Since it launched in 2007, the service has garnered 15.1 million customers. At peak times, there are 200 transactions every second and the equivalent to 20 per cent of the country’s GDP washes through the system.

But replicating Safaricom’s success has long proved beyond reach. Since the UK’s aid agency gave a £1m grant in 2006 to try to facilitate microfinance payments, which led to the birth of the service, none of the other 120 or so copycat mobile money platforms have performed as well. Only the Philippines comes close, with about 3m customers, while Tanzania may yet overcome a sluggish start.

Check out the full article from the BeyondBrics (FT) here.

In a variant on the Kenyan model, the Indian mobile money will have to partner with a bank, meaning customers might even make interest from the money they store. In Kenya, 12-15bn shillings are stored on M-PESA systems at any one time, but Safaricom is not allowed to make a profit with the interest and neither is the customer. Instead the earnings go into a charitable M-PESA foundation. Any attempt to change this is likely to spook banks, which have in the past attempted to close down M-PESA.

In Kariobangi whave noticed that MPESA is bringing new habits and “rules of the game” in local markets and it is used by virtually 100% of market operators. However, let’s not overestimate its impact: cash is still the king, by far.

The problem is that transferring money with MPESA and withdrawing small sums from the agents requires the payments of a fee, which becomes burdensome in markets where there is a huge number of very small transactions. This, combined with the lack of interest on savings, makes MPESA a rather expensive (though handy) financial product.
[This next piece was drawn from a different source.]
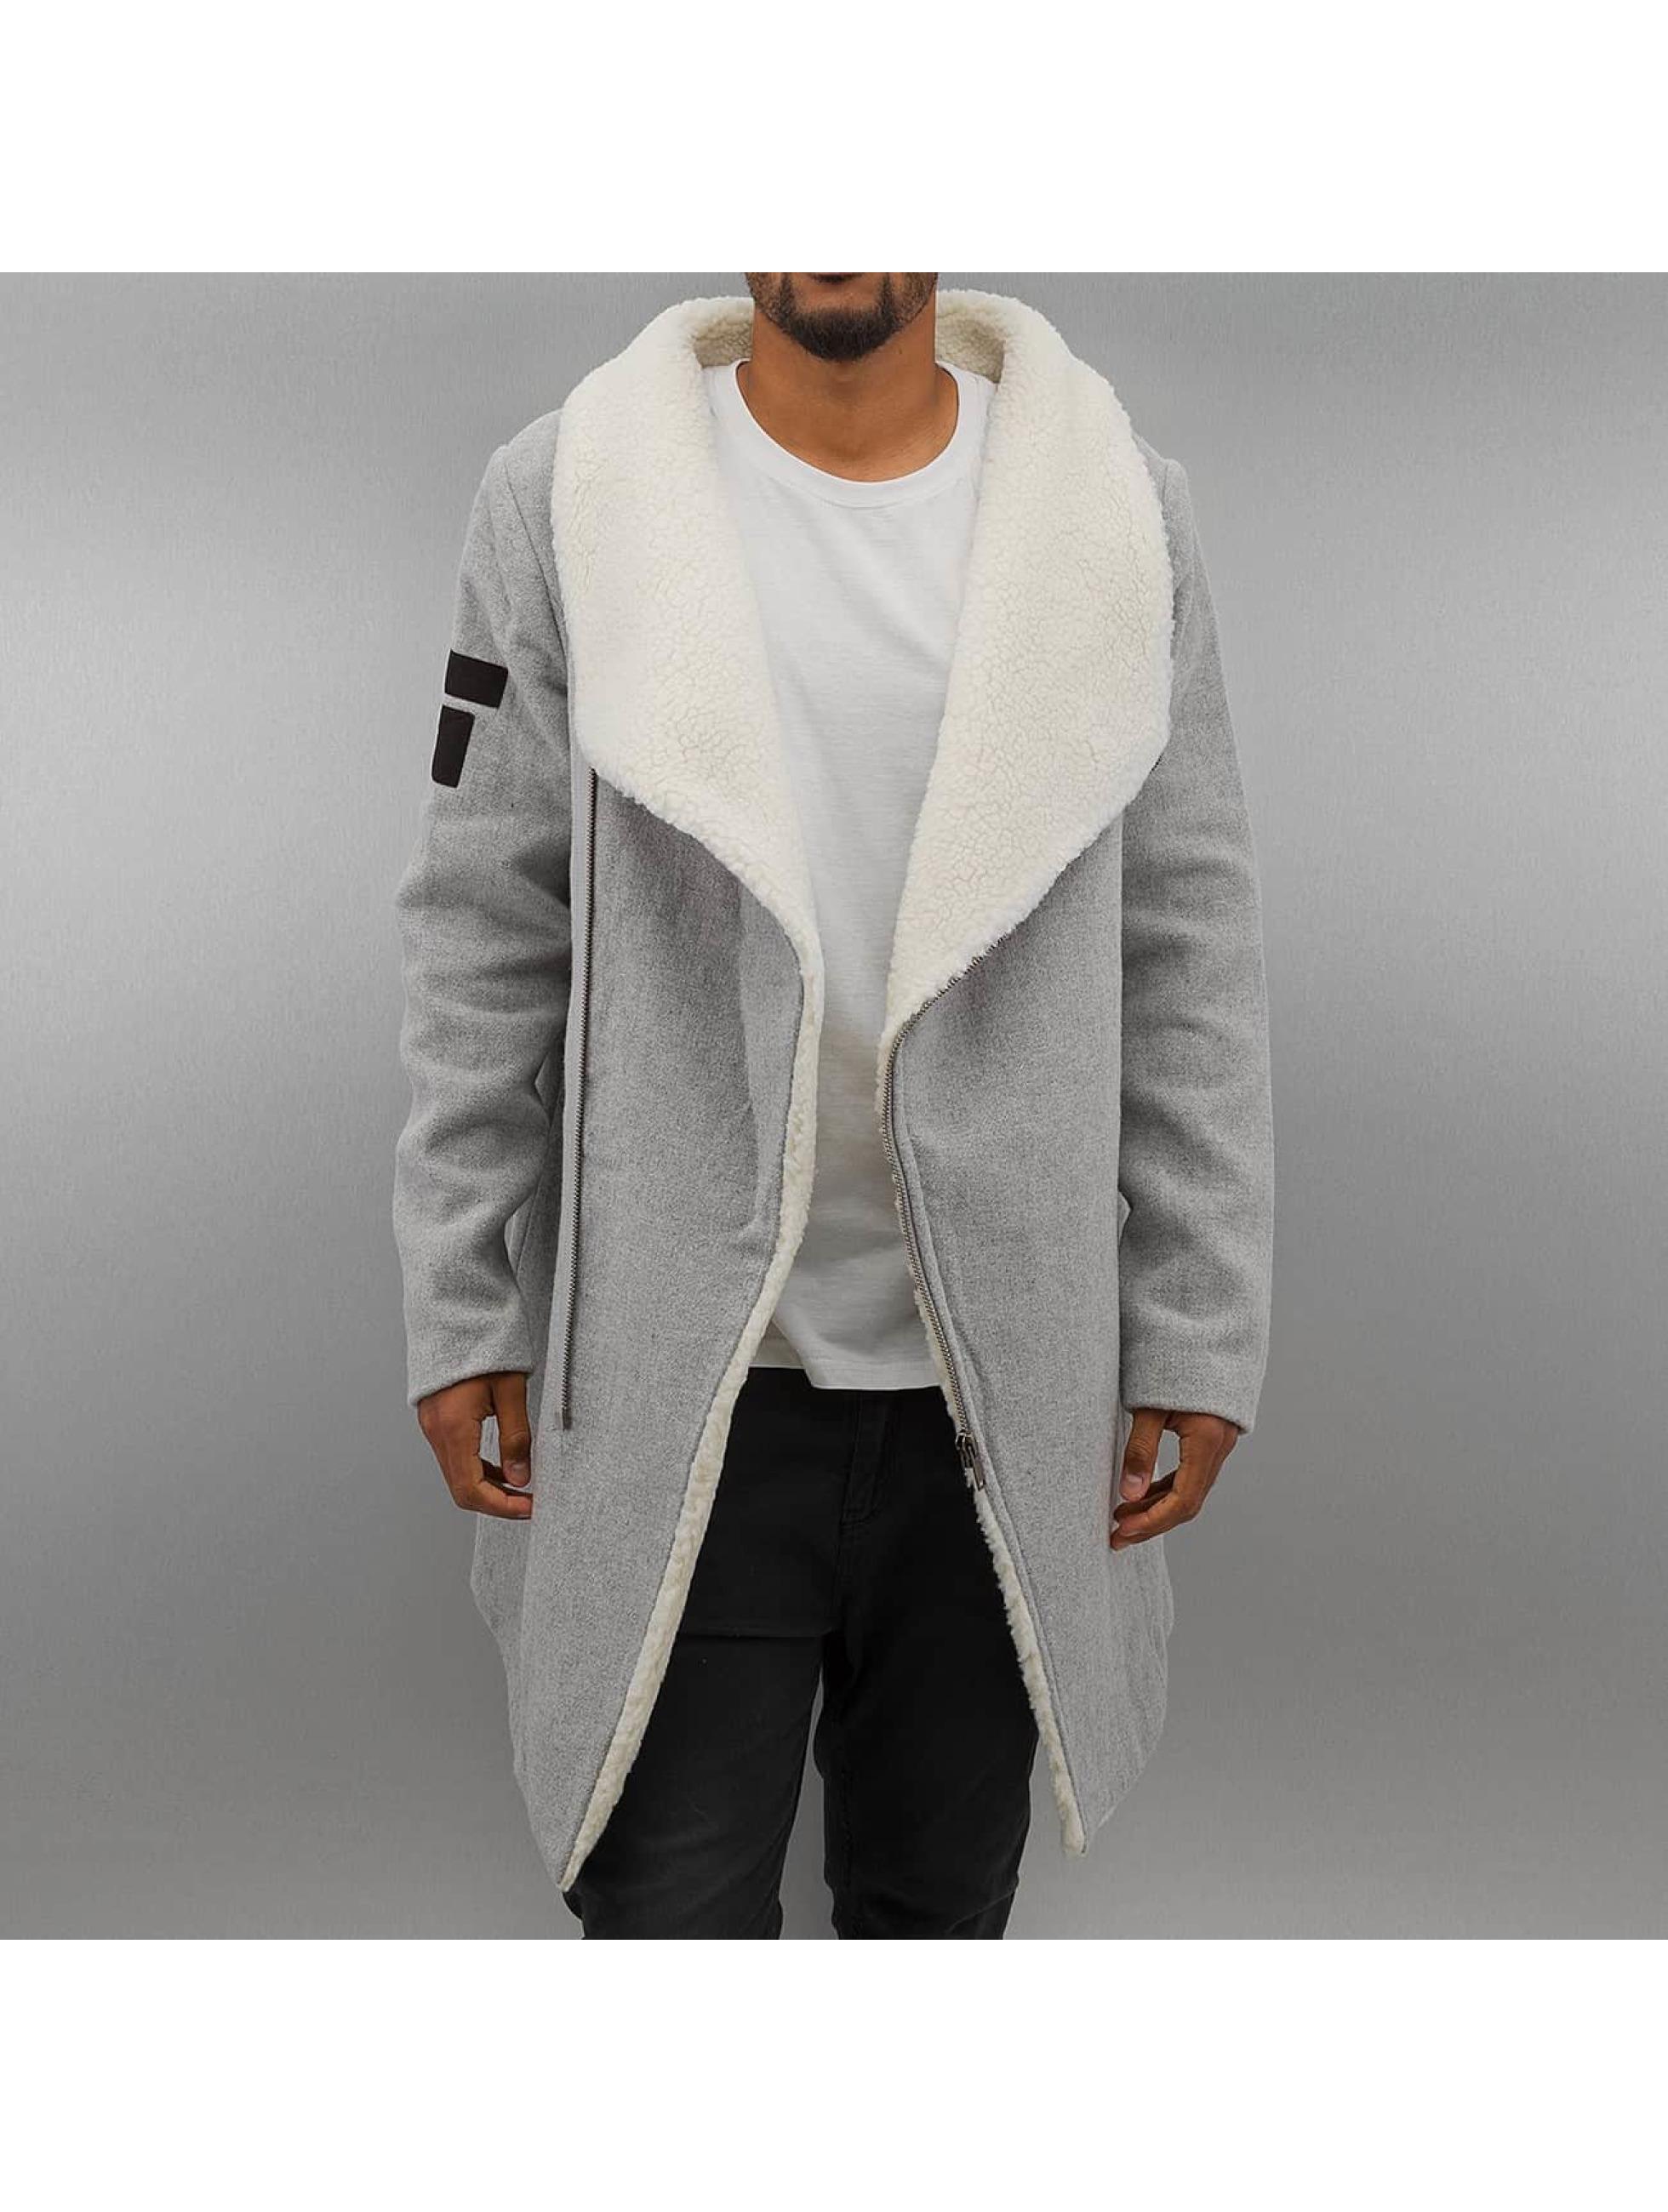 Mantel Konye in grau

For a very interesting analysis of the use of MPESA check out the recent work of Guy Stuart and Monique Cohen “Cash in, Cash out Kenya: The Role of MPESA in the lives of low income people” (PDF). They recorded over 18000 transactions with financial diaries and showed that not only cash is still king in local economies (over 94% of total transactions), but that MPESA is valuable especially for the urban-rural remittances: the “Send money home” strategy, where MPESA is an alternative to physically taking an envelope by bus over long distances.